Nancy Pearl's Picks for November 2006

Moorehead, Caroline. Human Cargo (2005)
Human Cargo book cover

Caroline Moorehead's Human Cargo: A Journey Among Refugees should be required reading for both policy makers and anyone with even a shade of an opinion on the topic of exiles, immigrants, and refugees. Moorehead notes that millions of people all over the world are forced out of their homelands by some variety of war, devastation, or persecution (the United Nations High Commissioner for Refugees estimates about 17 million people fall into this category). She discusses not only how the situation might be handled, but also how various scenarios play out politically and economically.

One of Moorehead's most important insights is that where once the refugee was seen as the victim (after World War II, for example), he or she is now defined as the problem - and that way of framing the issue changes how we go about finding a solution.

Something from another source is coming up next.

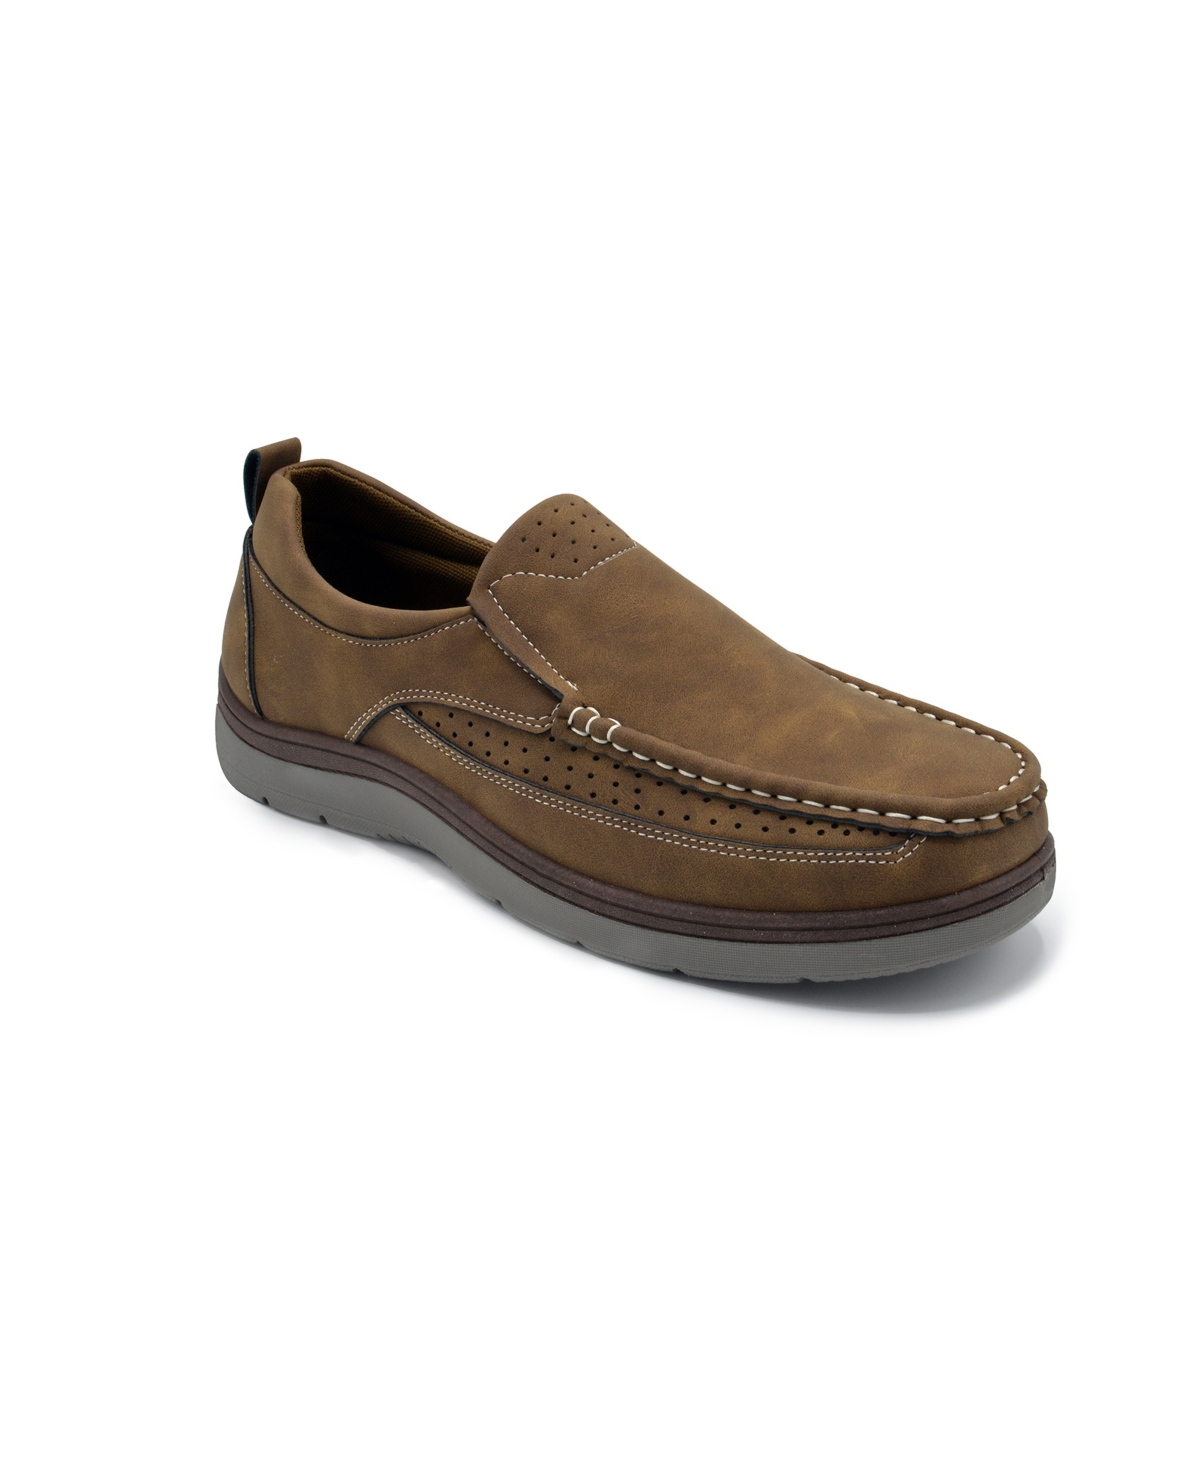 Men's Slip-On Walking Casual Shoes - Brown

Moorehead begins her book by putting the whole "refugee issue" in an historical context and looking at its economic and geo-political implications. But equally valuable are the accounts of the refugees themselves, Palestinians, Iranians, Liberians, Mexicans, and others, all looking for a better life for themselves and their families. Thoroughly readable, Moorehead's book is a wake up call to action on the part of those who can still feel outrage at the injustices we do to one another.

Winston, Lolly. Happiness Sold Separately (2006)
Happiness Sold Separately book cover

Take a successful lawyer (Elinor) and a successful podiatrist (Ted), who, after two years of infertility treatments that don't work try to accept the reality that they will never have a child. Elinor is so preoccupied with her sorrow that she stops paying attention to Ted, who falls into an affair (and in love) with his trainer at the gym, Gina. Gina's ten-year-old son, Toby, becomes emotionally attached to Ted and desperately wants Gina to marry him. Toss in an attractive tree surgeon, a male house-cleaner, an alcoholic musician, and a concert promoter. Mix well. Can this marriage be saved? Can you predict the ending? In Lolly Winston's tender and compassionate Happiness Sold Separately, it's not as obvious as you might think (or wish).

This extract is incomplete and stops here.